Figure 4 shows the actuator 10 with the cap 16 and canister 20 removed. The nose piece

30 is angled upwardly at an acute angle with respect to the long axis of the body 15 for convenient insertion into the nostril of a patient. The nose piece 30 has a delivery passage 25 through which the medicament is delivered.

Figure 5 shows a vertical section through the lower part of an actuator 210 that is similar to that illustrated in Figures 1 to 4. In Figure 5, the dose indicator 42 and canister 20 (shown in

Figure 3) are not shown, although the indicator window 247 for a dose indicator is shown. Figure 5 shows ribs 245 that locate the canister (not shown in Figure 5) in the correct position in the body 215 of the actuator 210. The delivery passage 225 in the nose piece 230 is arranged to receive doses of medicament from the canister through an orifice outlet 285. The orifice outlet 285 is in fluid communication through a jet portion 290 with a transition chamber 270. The jet portion 290 is of predetermined width and predetermined length and may be in the form of a cylindrical tube of diameter 0.1 to 1.5 mm and of length 0.05 to 5 mm, the length usually being 0.4 mm to 3 mm. The transition chamber 270 is formed by parts of the stem post 275 and the base insertion portion 294, in particular, by cooperation between a first (body/stem post) transition region together with a second (base insertion portion) transition region. The stem post 275 is moulded in one piece with the body 215. The base insertion portion 294 is produced as a separate piece that is fixable in the body 215 by means of a press fit sealing ring (not shown) on the base insertion portion 294 in a press fit sealing groove (not shown) on the body 215. In use, the stem socket 300 accepts the tip of a valve stem of the canister (not shown in Figure 5), the end of the valve stem of the canister being supported on a stem ledge 310.

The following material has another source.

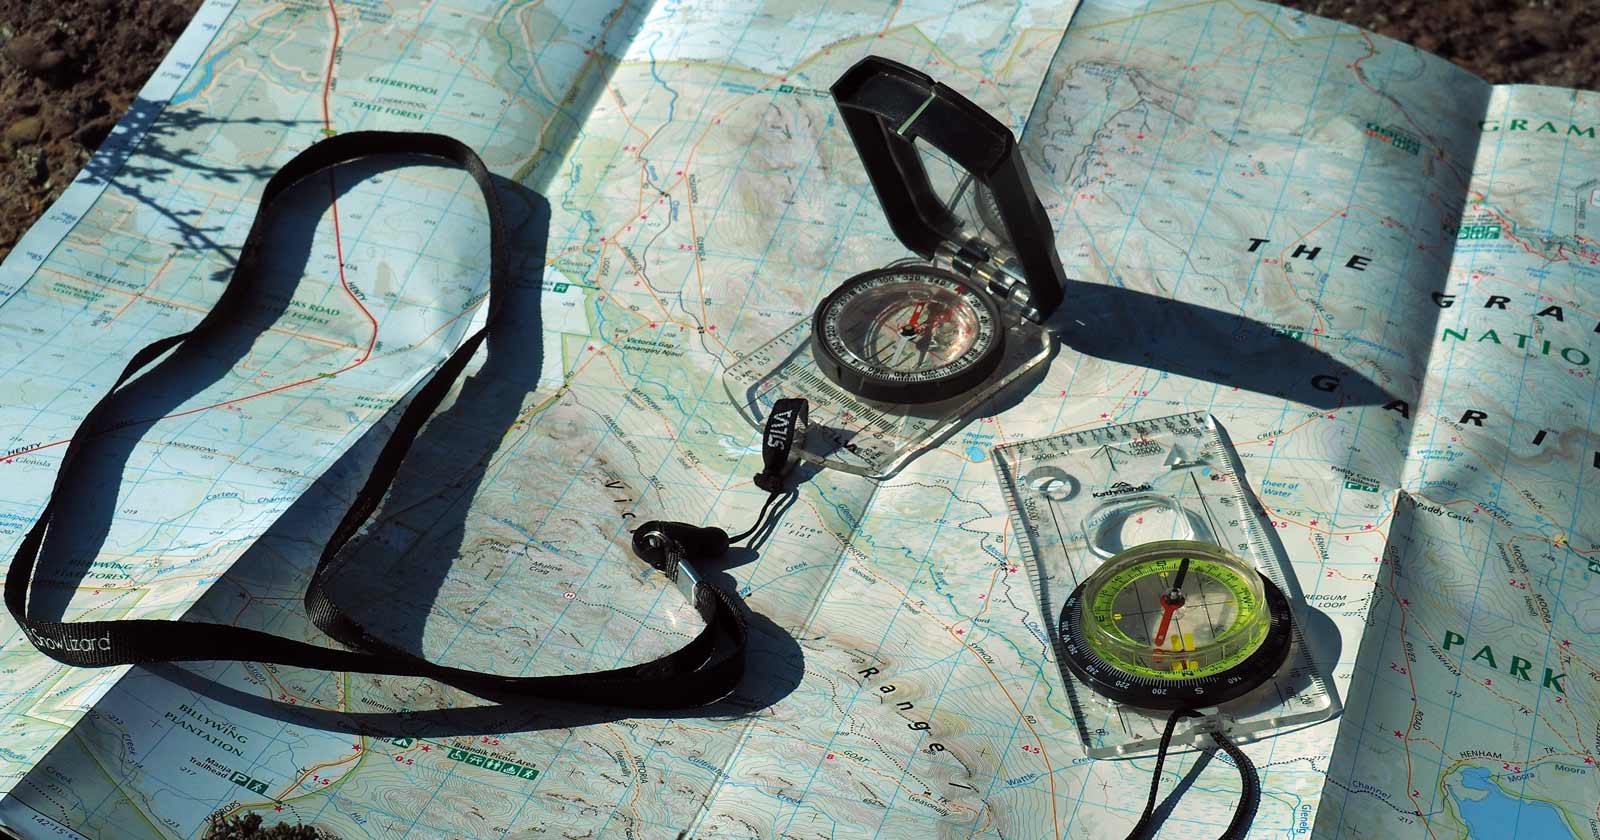 Plan your hike map and compass

Preferably, the stem ledge is circumferential, and the expansion chamber cylindrical. A metered dose of medicament is delivered from the valve of the canister through the expansion chamber 305 of the stem post 275, into the transition chamber 270 formed by the interaction/cooperation of the base insertion portion transition region and a stem post transition region, and out of the orifice outlet 285 via the jet portion 290. From the orifice outlet 285, the dose is delivered through the delivery passage 225 to the patient.

It is to be understood that the specification is not limited to the embodiments described above and that various modifications can be made without departing from the principles or concepts of the specification. For example, the transition region of the base insertion portion may in an alternative embodiment be flat or relatively small in volume and the transition region of the actuator body or its stem post may be relatively larger.

Actuators and inhalers according to the specification may include any feature described herein separately or in combination with any other feature(s), if necessary with appropriate modification of other features, as would be readily apparent to the skilled person.